Poster Wed, Jul 8, 2026 • 5:00 PM – 6:45 PM KST Coex: HALL A

QEDBench: Quantifying the Alignment Gap in Automated Evaluation of University-Level Mathematical Proofs

Santiago Gonzalez ⋅ Alireza Amiribavandpour ⋅ Peter Ye ⋅ Edward Zhang ⋅ Ruslans Aleksejevs ⋅ Todor Antić ⋅ Polina Baron ⋅ Sujeet Bhalerao ⋅ Shubhrajit Bhattacharya ⋅ Zachary Burton ⋅ John Byrne ⋅ Hyungjun Choi ⋅ Nujhat Ahmed Disha ⋅ Koppány I Encz ⋅ Yuchen Fang ⋅ Robert Joseph George ⋅ Ebrahim Ghorbani ⋅ Alan Goldfarb ⋅ Jing Guo ⋅ Meghal Gupta ⋅ Stefano Huber ⋅ Annika Kanckos ⋅ Minjung Kang ⋅ Hyun Jong Kim ⋅ Dino Lorenzini ⋅ Levi Lorenzo ⋅ Tianyi Mao ⋅ Giovanni Marzenta ⋅ Ariane Masuda ⋅ Lukas Mauth ⋅ Ana Mickovic ⋅ Andrés Miniguano-Trujillo ⋅ Antoine Moulin ⋅ Wenqi Ni ⋅ Tomos Parry ⋅ Kevin Ren ⋅ Hossein Roodbarani ⋅ Mathieu Rundström ⋅ Manjil Saikia ⋅ Detchat Samart ⋅ Rebecca Steiner ⋅ Connor Stewart ⋅ Dhara Thakkar ⋅ Jeffrey Tse ⋅ Vasiliki Velona ⋅ Yunhai Xiang ⋅ Sibel Yalçın ⋅ Jun Yan ⋅ Ji Zeng ⋅ Arman Cohan ⋅ Quanquan Liu

Abstract

As Large Language Models (LLMs) saturate elementary benchmarks, the research frontier has shifted from generation to the reliability of automated evaluation.
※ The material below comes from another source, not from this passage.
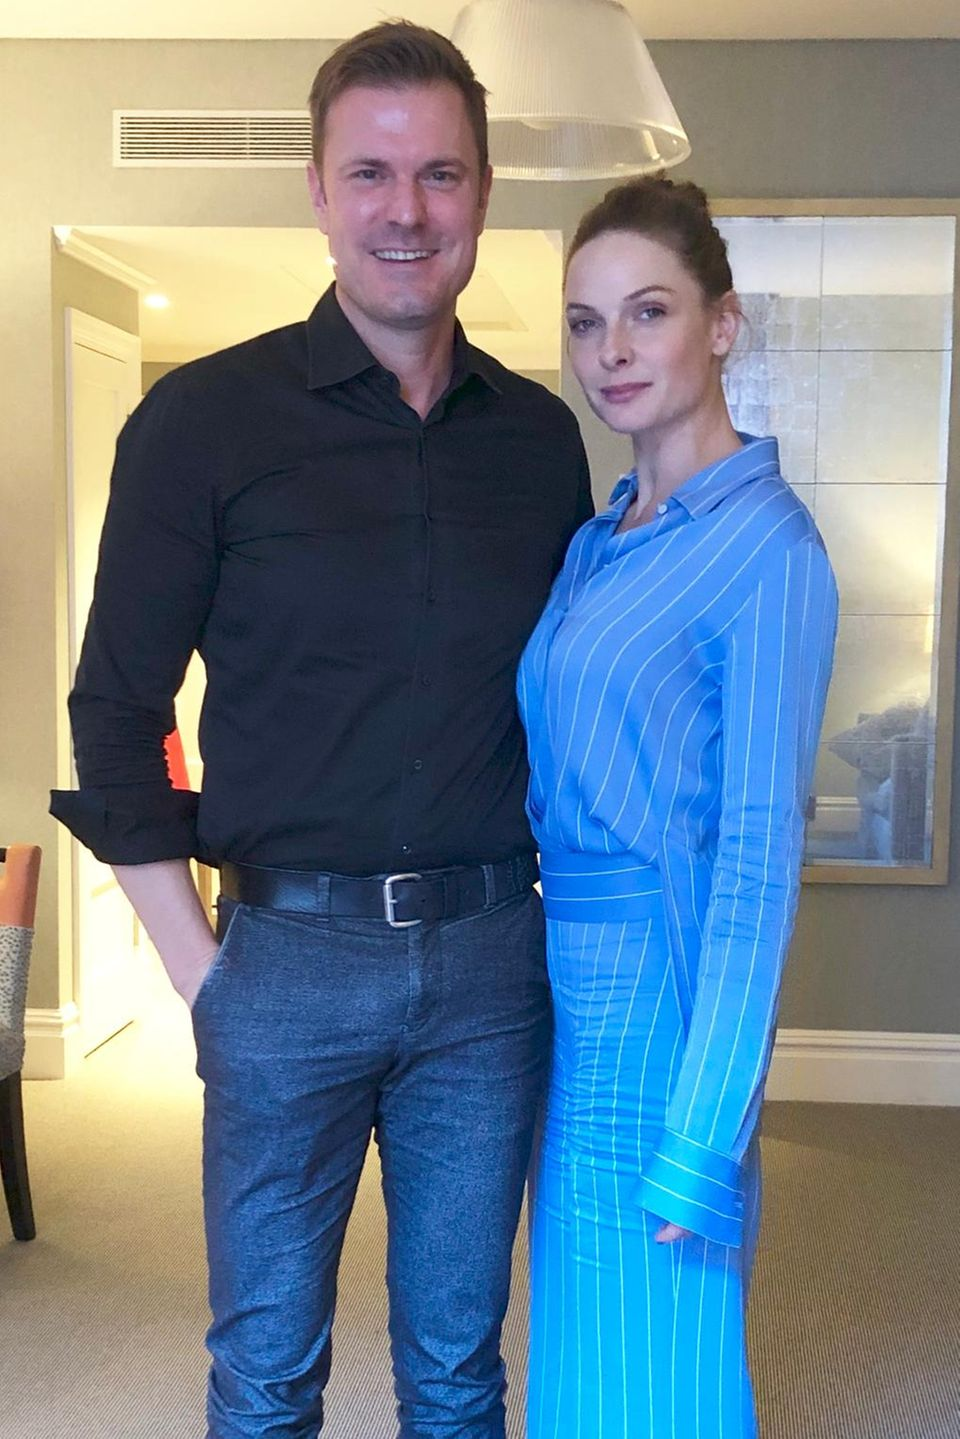 Alexander Nebe führte das Interview mitRebecca Ferguson im Soho Hotelin London.

We demonstrate that standard "LLM-as-a-Judge" protocols suffer from a systematic evaluation Alignment Gap when applied to upper-undergraduate to early graduate level mathematics. To quantify this, we introduce QEDBench, the first benchmark to systematically measure alignment with human experts on undergraduate-level math proofs by contrasting course-specific rubrics against expert common knowledge criteria. By deploying a dual-evaluation matrix ($7$ judges $\times$ $5$ solvers) against 1,000+ hours of human evaluation, we reveal that certain frontier evaluators like Claude 4.5 Opus exhibit significant positive bias (up to $+0.28$ mean score inflation), effectively "hallucinating rigor" in flawed proofs. Furthermore, we uncover a critical reasoning disparity: while Gemini 3.0 Pro achieves state-of-the-art performance (0.91 raw score), specialized reasoning models like o3-deep-research collapse in discrete domains, dropping to 42.1\% accuracy in Graph Theory. We release QEDBench as a public benchmark for evaluating and improving AI judges.